Diterbitkan Tanggal: 05 / 12 / 17

Kategori: | BENGKALIS, NARKOBA, TODAY |

RIAUEXPRESS, BENGKALIS – Sidang dugaan kepemilikan shabu dengan terdakwa Heri Kusnadi alias Eri Jack, kembali digelar di Pengadilan Negeri (PN) Bengkalis, dengan agenda pembacaan duplik, Selasa (05/12/17) jelang siang.

Kuasa hukum terdakwa, Windrayanto dan Fahrizal dalam dupliknya sebanyak 30 halaman tersebut menilai, tuntutan Jaksa Penuntut Umum (JPU) Bengkalis tidak manusiawi, karena JPU menuntut terhadap kliennya dengan hukuman mati.

Selain kuasa hukum, terdakwa Eri Jack juga membacakan sendiri duplik yang dibuatnya.

Menurut Windrayanto, sangat tidak logis mengaitkan klienya dengan sabu seberat 40 kg dan ratusan ribu butir pil ekstasi yang dibawa saksi Zulfadli dan Aldo yang tertangkap di wilayah hukum Kabupaten Siak.

“Ini terbukti tidak digelarnya sidang terhadap kliennya di wilayah hukum Pengadilan Siak, seperti Zulfadli dan Aldo, “ujar PH Windrayanto.
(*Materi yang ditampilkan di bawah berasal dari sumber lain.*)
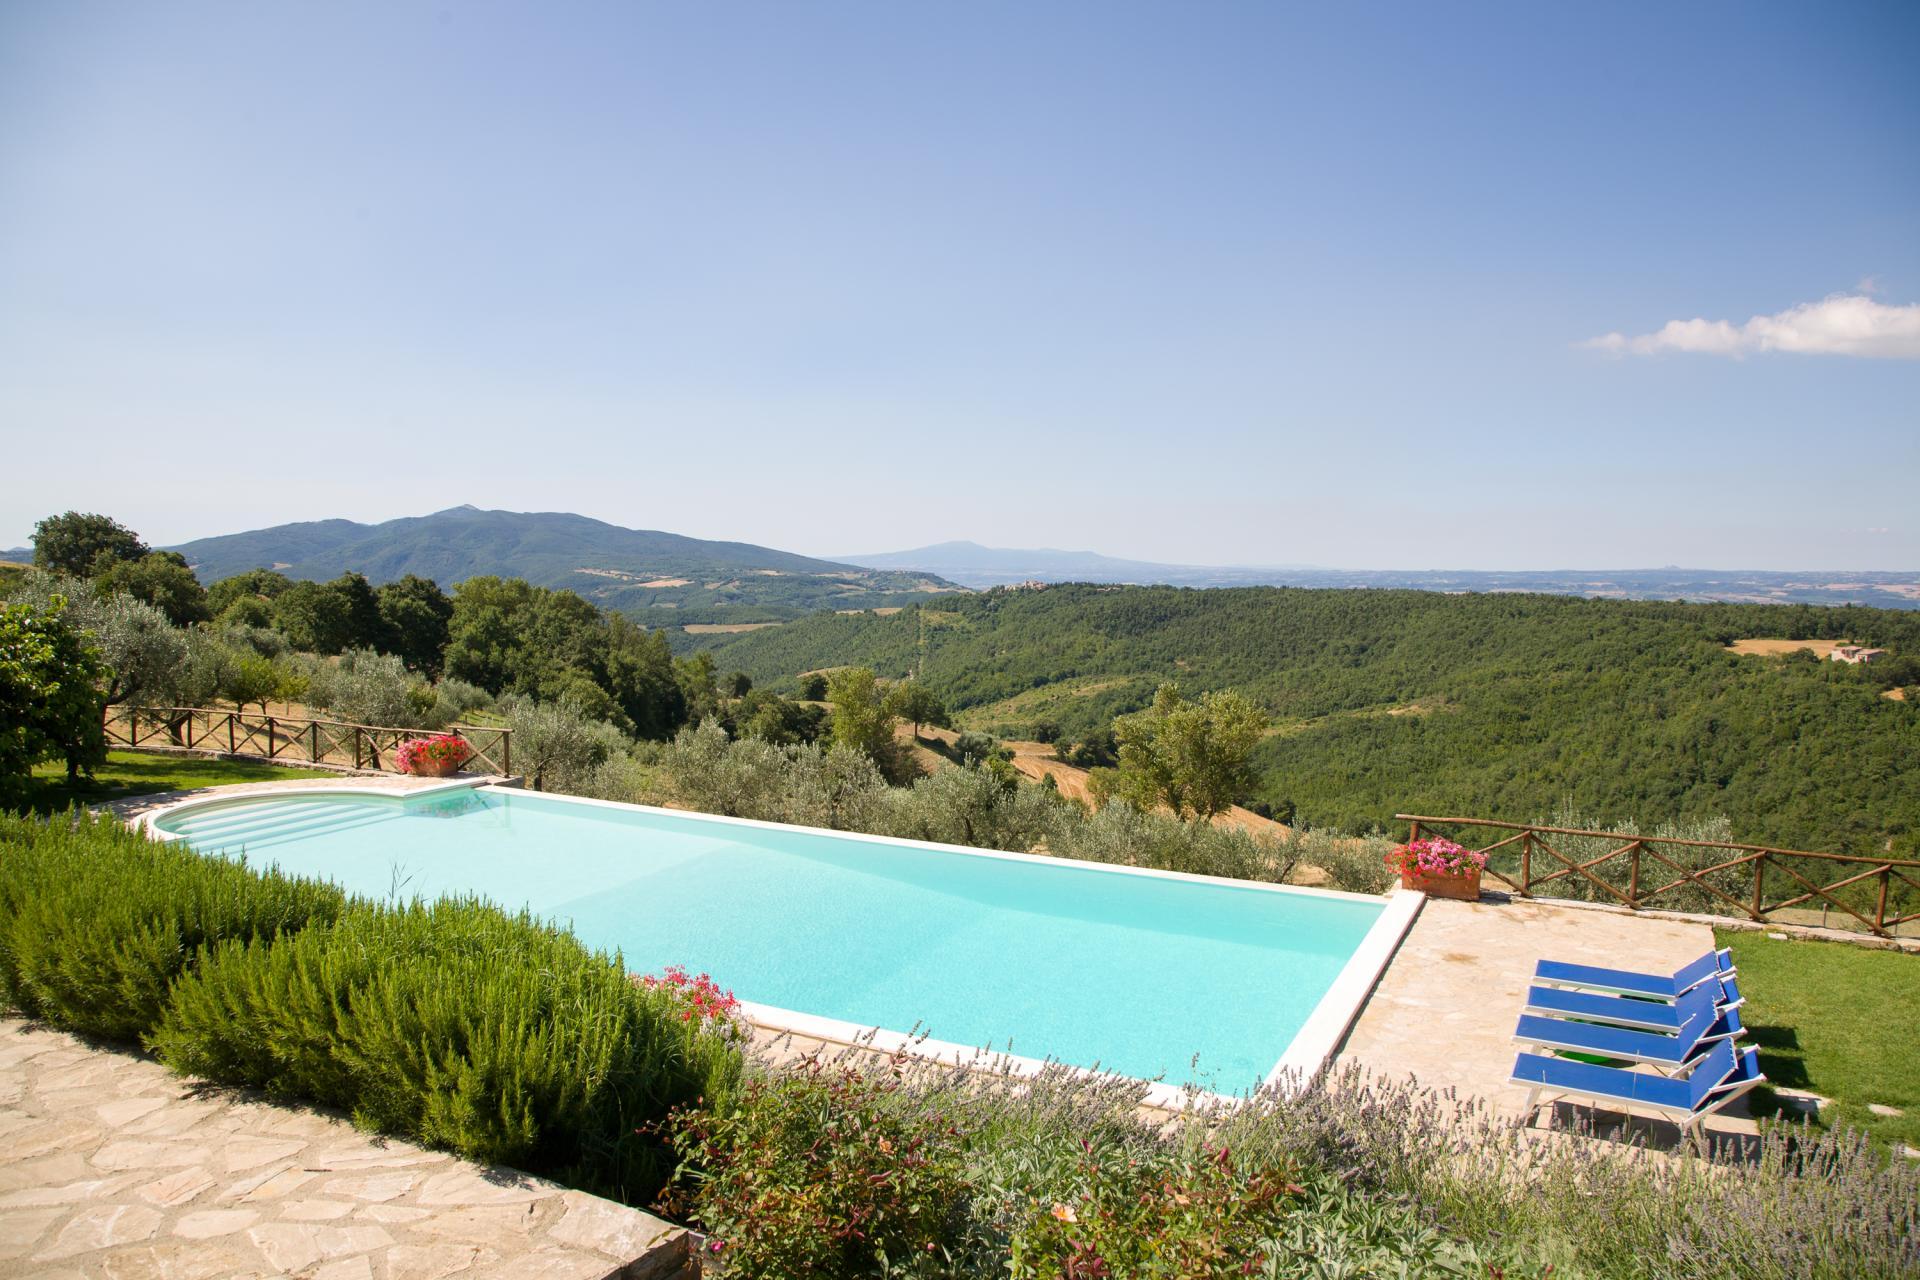 Outdoor Pool Views, Domus Romana, Todi, Umbria.

Untuk itu, PH ini meminta kepada Majelis Hakim untuk memberikan keringanan hukum terhadap kliennya.

Bahkan PH ini menyebut, dengan tuntutan mati terhadap kliennya tersebut, keluarga Eri Jack stres berat dan kliennya sendiri diakuinya mengalami dispresi (tekanan batin).
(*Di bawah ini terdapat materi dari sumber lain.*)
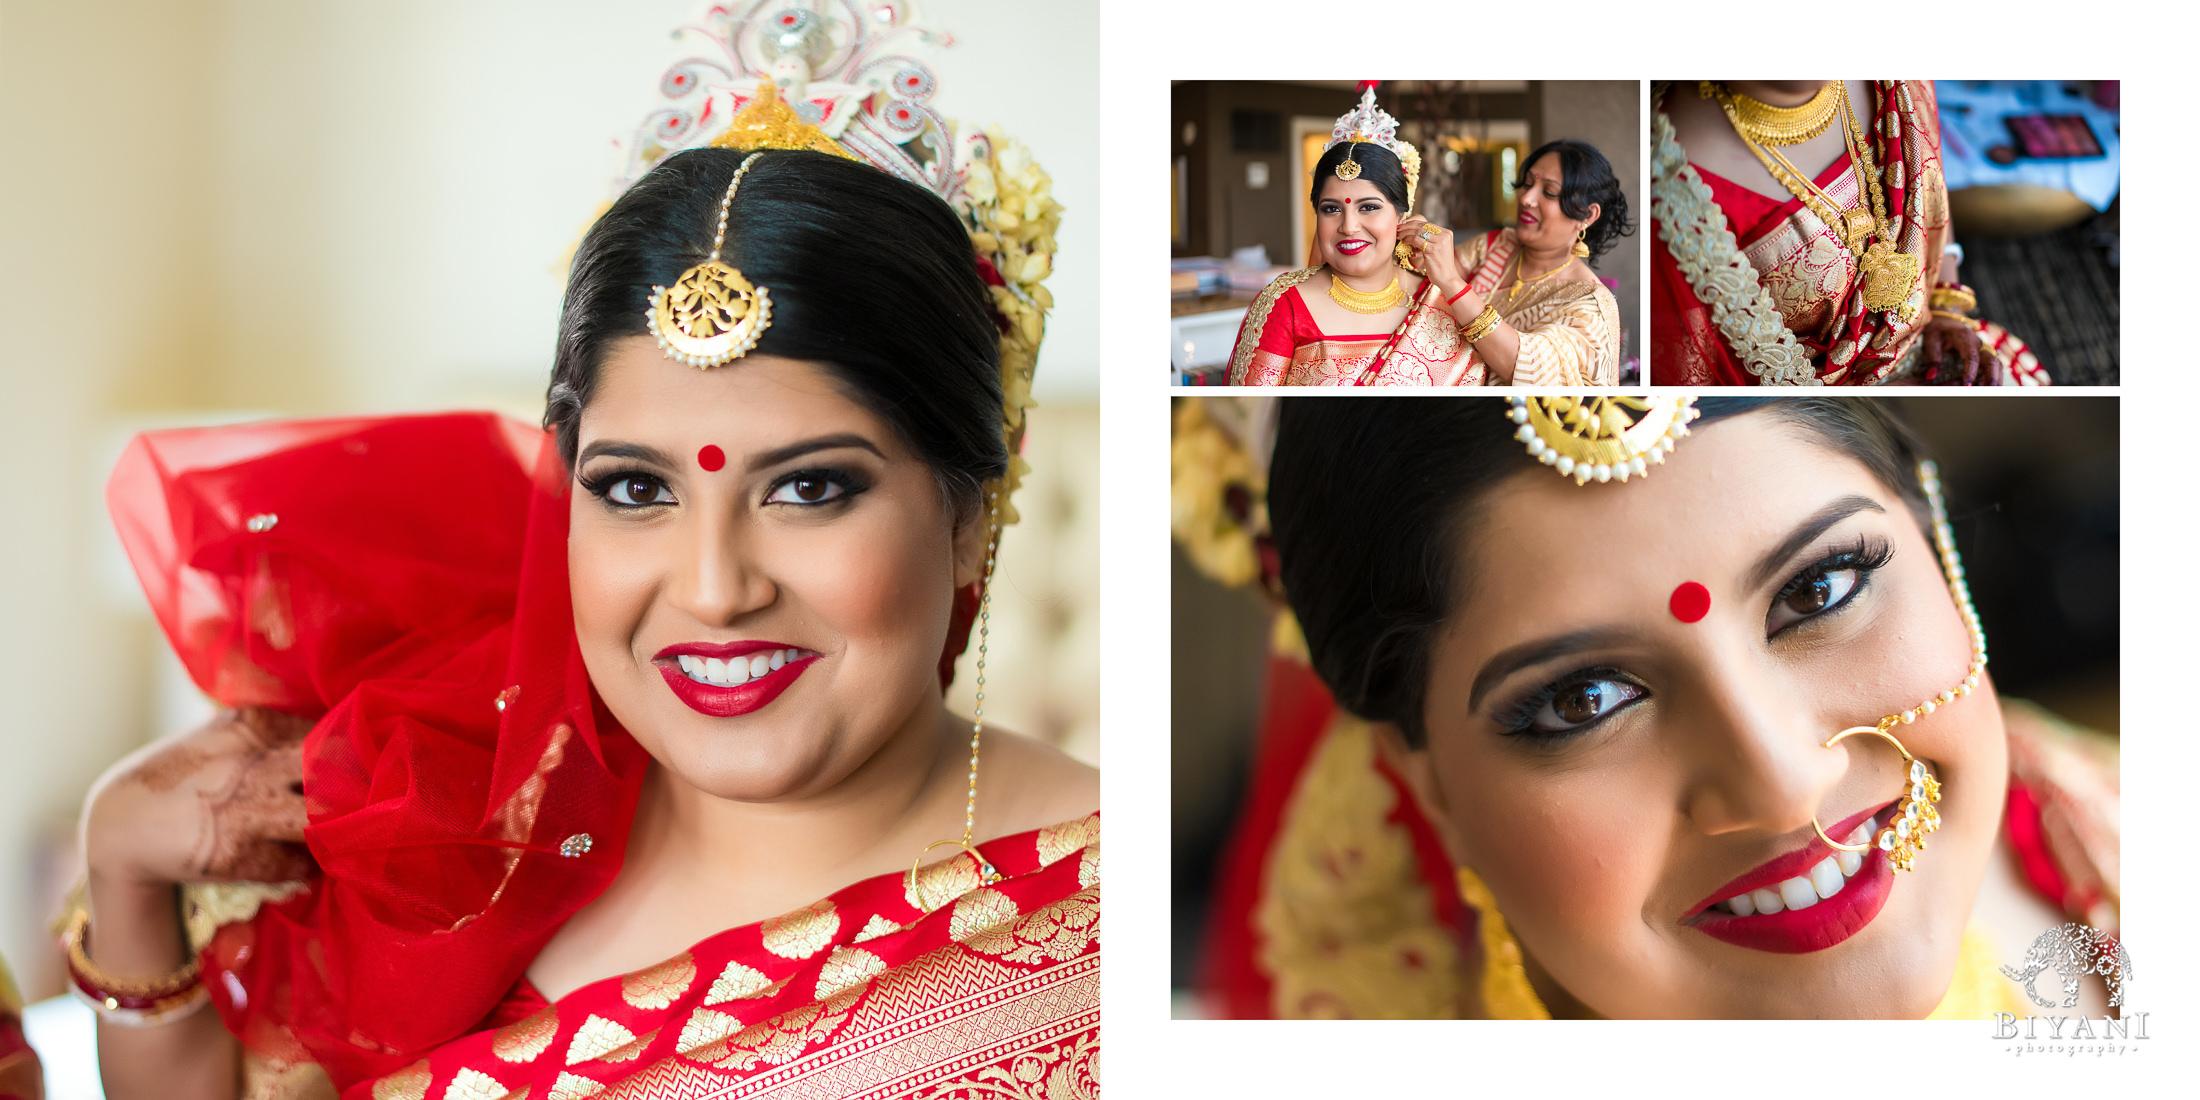 Bengali Bride Getting Ready

Usai mendengarkan pembacaan duplik atas replik JPU, majelis hakim yang diketuai, Dr. Sutarno dengan hakim anggota Wimmi D Simarmata dan Aulia Fhatma Didhola, menunda sidang dan akan dilanjutkan, Kamis (14/12/17) mendatang.

Sebelumnya, Kajari Bengkalis Heru Winoto menyampaikan, bahwa tuntutan hukuman mati terhadap terdakwa Eri Jack, sudah tidak bisa ditawar-tawar lagi. Sehingga seluruh JPU yang menjalankan sidang di PN Bengkalis, diyakini tidak akan bermain-main.

“Kita tidak akan main-main dalam tuntutan tersebut, karena kita meyakini terdakwa adalah otak dibalik peredaran narkoba dengan barang bukti (BB) 40 Kg sabu dan ratusan ribu butir pil ekstasi, “ungkapnya baru-baru ini.**Red.